Ecosyste.ms: Awesome

An open API service indexing awesome lists of open source software.

Awesome Lists | Featured Topics | Projects

https://github.com/dbklim/stressrnn

Modified version of RusStress (https://github.com/MashaPo/russtress) — python package for placing stress in Russian text using RNN (BiLSTM) and the "Grammatical Dictionary" by A. A. Zaliznyak (from http://odict.ru/).
https://github.com/dbklim/stressrnn

accent bilstm emphasis linguistic linguistics lstm nlp rnn russian russian-accent russian-stress russtress rustress stress

Last synced: 3 months ago
JSON representation

Modified version of RusStress (https://github.com/MashaPo/russtress) — python package for placing stress in Russian text using RNN (BiLSTM) and the "Grammatical Dictionary" by A. A. Zaliznyak (from http://odict.ru/).

Awesome Lists containing this project

README

        

# StressRNN

This tool based on LSTM predicts stress position in each word in russian text depending on the word context.
For more details about the tool see [«Automated Word Stress Detection in Russian»](http://www.aclweb.org/anthology/W/W17/W17-4104.pdf), EMNLP-2017, Copenhagen, Denmark.
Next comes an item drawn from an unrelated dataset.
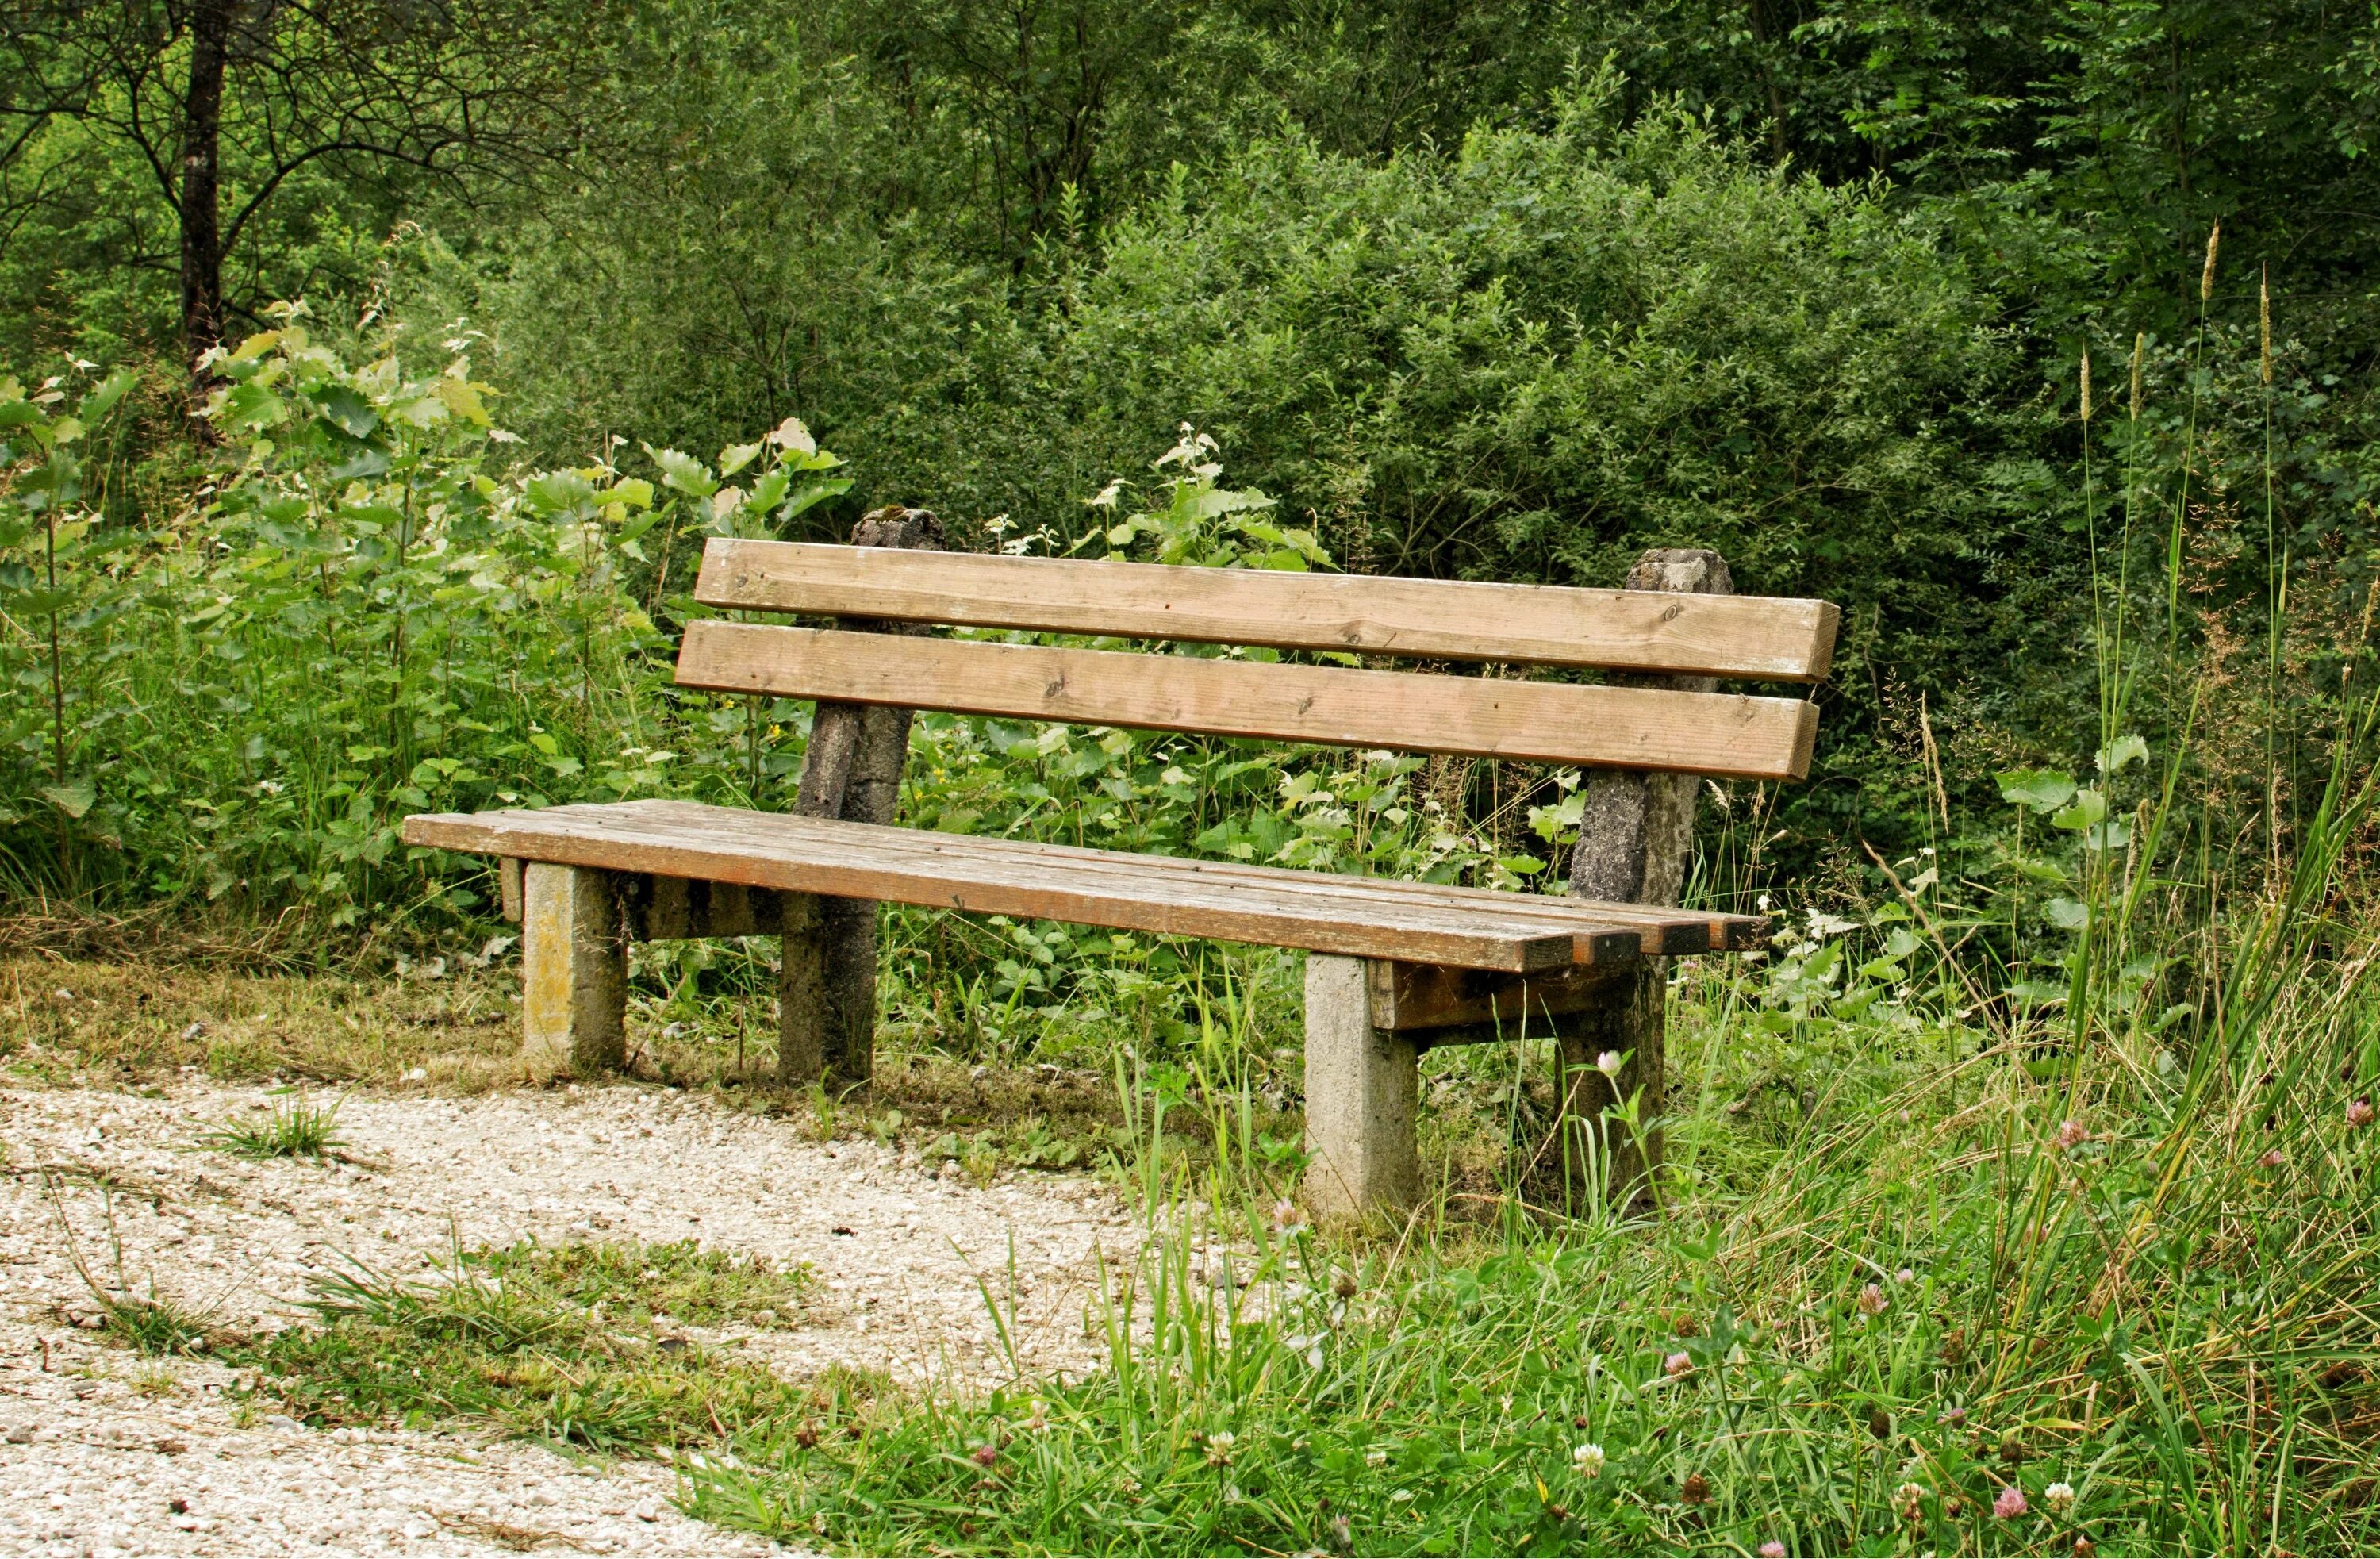 Sit bank. Скамейка Wood Bench. Bench [бенч] — скамейка. Лавочка в парке. Скамейка в лесу.

This is a modified version of the [RusStress](https://github.com/MashaPo/russtress) (many thanks to its authors!). The modification fixes some bugs, improves the quality of stress placement and the usability of the project. The neural network and the principles of working with it remained unchanged.

## Modification features

The modification has the following differences from the original RusStress:

- added stress symbol `'+'`
- the list of supported stress symbols is limited to `"'"` and `'+'` (always added after a stressed vowel)
- added filtering of neural network responses by accuracy (allows you to cut off stresses, the prediction accuracy of which is lower (<=) than specified)
- added stress placing in words with 1 vowel
- improved work with hyphenated words (earlier, stress was placed only on the first part of the word, now it's placed on both parts)
- implemented skipping words with pre-set stresses (it used to lead to undefined behavior)
- added replacement of similar Latin symbols with the same Cyrillic ones (for example, `A` -> `А`, `e` -> `е`) (the full list is available in [SAME_LETTERS_EN_RU](https://github.com/Desklop/StressRNN/blob/master/stressrnn/constants.py#L27))
- fixed bug with some words, in which the stress was placed on a consonant letter, not a vowel (stress index is shift to next vowel or to the previous one, if there are no vowels after stress) (for example, "дойдете", "зряченюхослышащий") (these words were added to the [exception dictionary](https://github.com/Desklop/StressRNN/blob/master/stressrnn/source_exception_dictionary.txt))
- added an exception dictionary and the ability to load your own additional exception dictionary when creating a class object
- added a [default exception dictionary](https://github.com/Desklop/StressRNN/blob/master/stressrnn/exception_dictionary.txt) based on the "Grammatical dictionary" by A. A. Zaliznyak from http://odict.ru/ (supplied with the package)
- compiled all regular expressions to improve performance
- code refactoring was performed
- added support for TensorFlow v2.X
- optimization of work speed: added work with neural network in batch mode (speeds up work by 1.5-2 times)
- optimization of work speed: added predict using ONNX Runtime (increases work speed of model by 10-30 times on the CPU)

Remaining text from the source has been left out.